Normally, the St. Louis-based website The Gateway Pundit can and should be laughed off as right-wing, fake-news nonsense. But as Reuters recently reported, the site’s false allegations of election fraud in jurisdictions around the country have stoked harassment and death threats against two dozen election officials. The reason toxic platforms like this exist is because there is a market for them. Only when the news-consuming public learns to be more discerning in where it looks for information will those platforms loosen their damaging grip on political discourse.
The Gateway Pundit is a popular blog among America’s far-right political fringes, trafficking in the kind of half-truths and whole-cloth lies that fuel so much of that end of the political spectrum these days. After a right-wing fanatic killed a counterprotester with a car during the white nationalist demonstration in 2017 in Charlottesville, Virginia, The Gateway Pundit falsely attributed the attack to an “Anti-Trump protester.” After the Las Vegas mass shooting that year, it wrongly accused “a Democrat who liked Rachel Maddow.”
The site was a prominent purveyor of the racist lie that former President Barack Obama wasn’t born in the United States. And, more recently, it advanced the Trumpian big lie that the 2020 presidential election was rife with fraud.
A mother and daughter who together counted ballots in Fulton County, Georgia, sued the website and its founder, St.

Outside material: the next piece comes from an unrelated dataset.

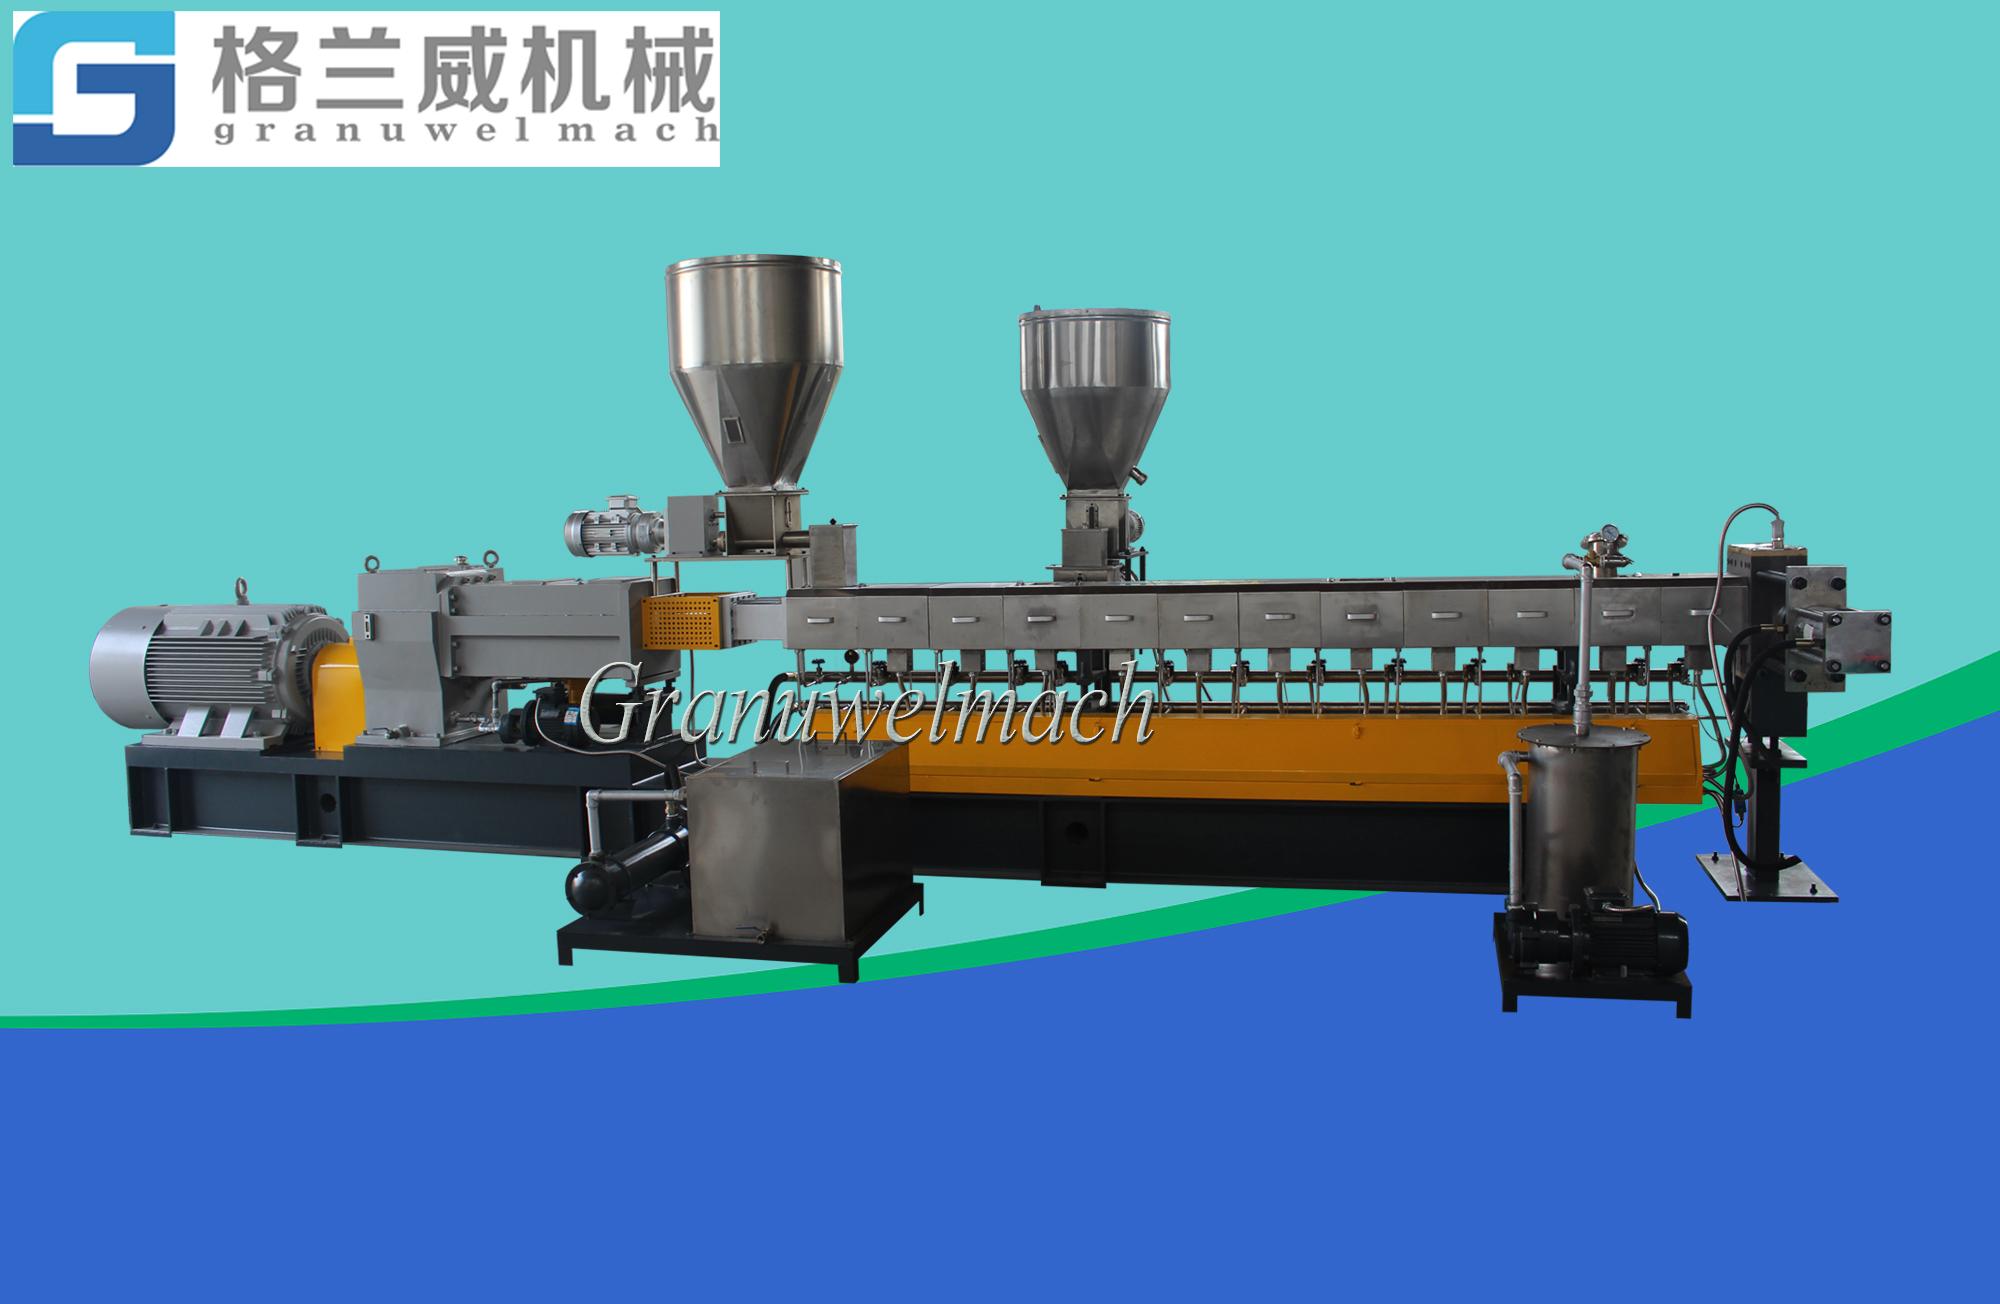 65C plastic twin screw extruder,granulator,pelletizer

Louisan Jim Hoft, after the site promoted false allegations by Trump surrogates that the pair counted “suitcases” full of fake Biden ballots after hours. That August post drew a comment on Hoft’s site alleging the two women “are traitors to the country and should be hung by the neck until dead.”
The site also promoted the falsehood about “fake” ballots in Madison, Wisconsin, which led one commenter to specify the kind of bullet recommended for killing the city clerk there. Other public officials in Wisconsin, Georgia and Arizona were inundated with racist or misogynistic hate email, allegations of “treason” and calls for their imprisonment after The Gateway Pundit lobbed baseless allegations of fraud at them.
Mainstream media outlets today are routinely accused by both the right and left of ideologically tilting their reporting, and it’s not difficult to find anecdotal evidence to back up such criticism. But those mainstream sources, including this newspaper, at least attempt to present factual coverage, because their business models rely on long-term credibility. The Gateway Pundits of the world and fellow travelers, like One America News Network and Breitbart News, rely instead on shock, outrage and an appeal to consumers’ worst instincts. Facts seldom come into it.
It’s easy to research assertions made on these platforms. Often, they’ve already been debunked by reputable sources such as FactCheck.org and PolitiFact. Such double-checking by consumers shouldn’t be necessary, but in a media universe polluted by such fake-news waste dumps as The Gateway Pundit, it is.